Cosmetic Surgery (Revisited)

“For God knows that in the day you eat from it your eyes will be opened, and you will be like God, knowing good and evil.”  Genesis 3:5 NASB

Like GodThe serpent doesn’t tell Havvah that she will be God.  He doesn’t even tell her that she will be like God.  He only says that she will have one faculty that he ascribes to God – knowing good and evil.  Havvah isn’t going to become omniscient or omnipotent.  All she is supposedly going to gain is the knowledge of good and evil.  Apparently, this must be very, very important since it was by itself enough to entice Havvah.  But is this really what the serpent says?  Let’s take another look.

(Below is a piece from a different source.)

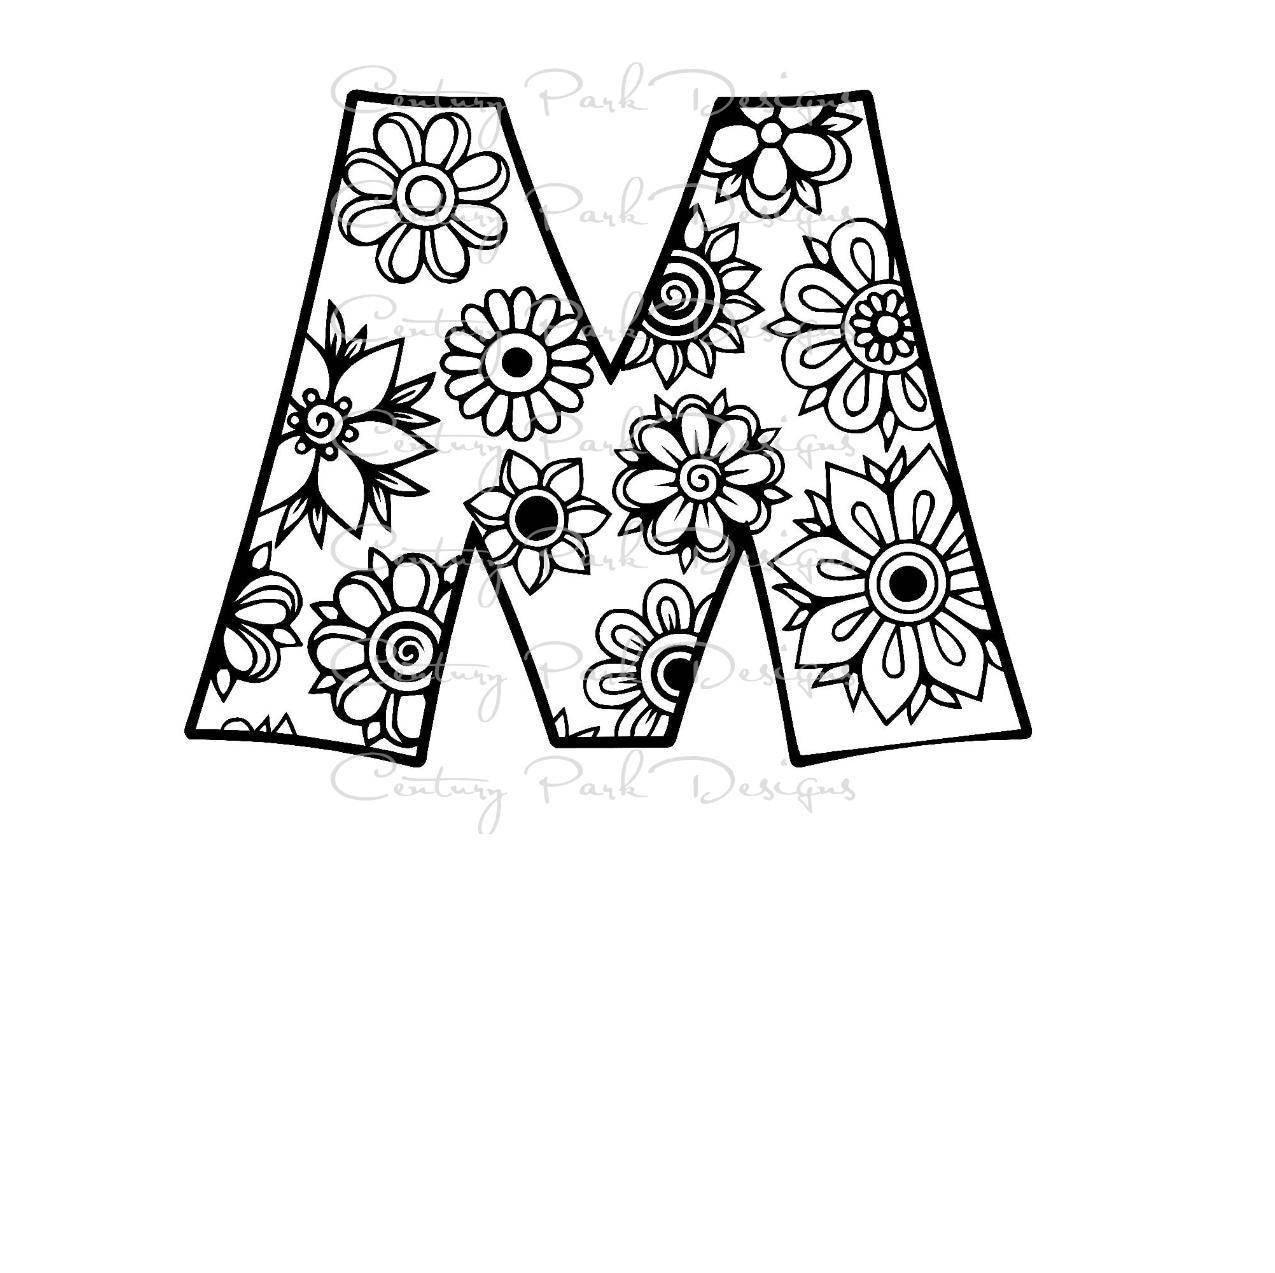 fancy mandala coloring pages - photo#37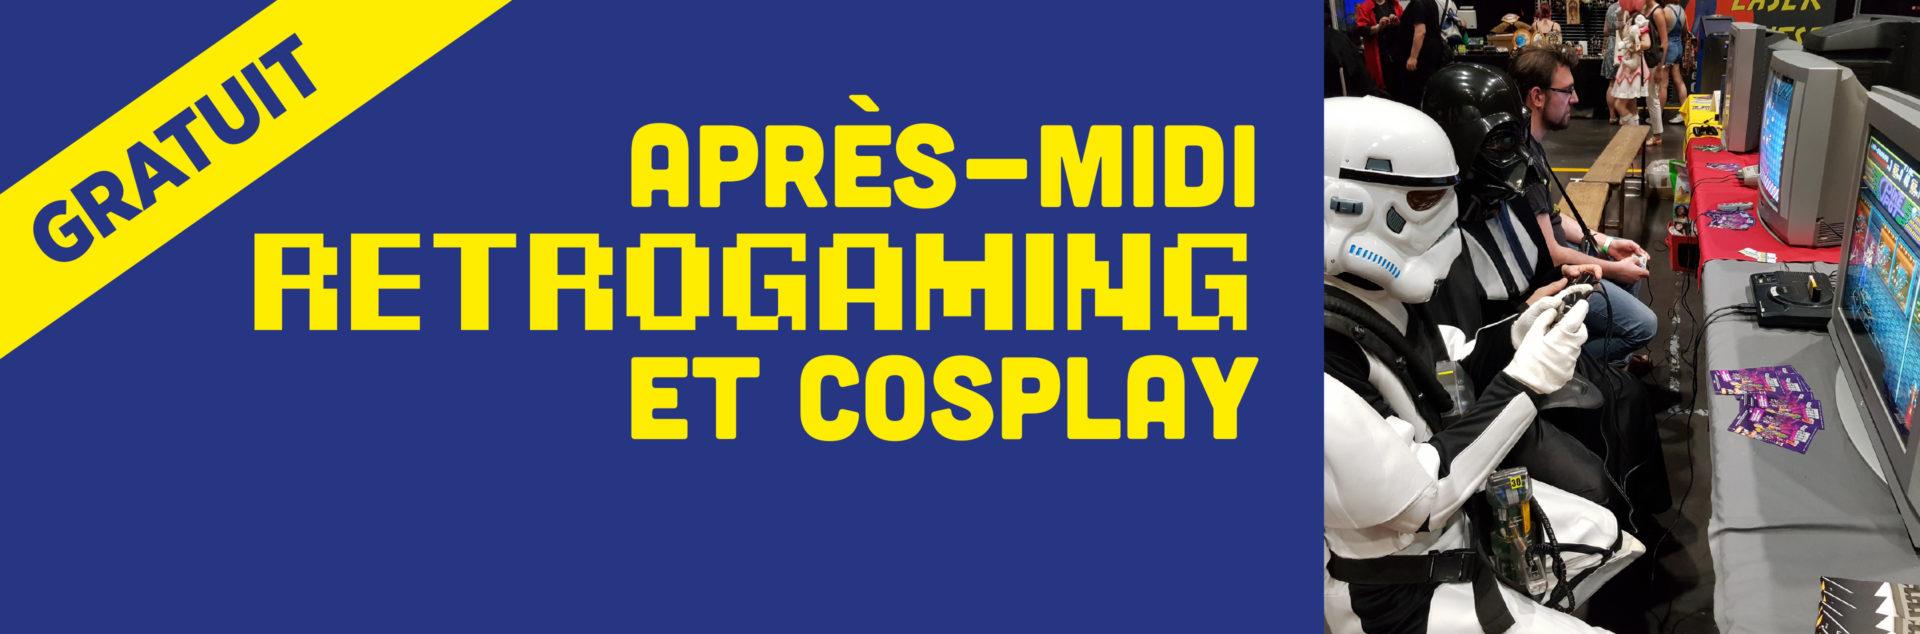 Après-midi retrogaming et cosplay

Maimonides points out that the Hebrew word here is elohim.  In most contexts, this is a plural noun used to describe the singular God (like Genesis 1:1).  But elohim also means gods (like the false gods of idol worship), judges and princes.  Yeshua uses this homonym when he quotes the Psalms, “You are gods” (John 10:34).  Perhaps the serpent only suggests that Havvah will be elevated.  It is not that she will become God but rather that she will be better than she currently is.  She will be royalty, the Queen of the cosmos.  The appeal implies a subtle discontent with the way things are.  God made her a little less than the best and now Eve can rectify that situation by improving on God’s design.

The subtlety of sin is found in our discontent with the way things are.  We don’t really believe that God is completely in control.  From our perspective, He didn’t do things quite right.  There is room for improvement.  I just need a little spiritual plastic surgery to make my world (and me) a better place.  I just need to help God out by rearranging His design.

Everything about the creation of Havvah announces God’s careful and deliberate handiwork.  The verb implies a purposeful design, executed according to plan.  The fact that she is taken from the man underscores her uniqueness.  Her designation as ‘ezer kenegdo tells us that God had a very specific role in mind for her.  That she is the last of creation speaks to her place as the crowning achievement.  But Havvah is not content.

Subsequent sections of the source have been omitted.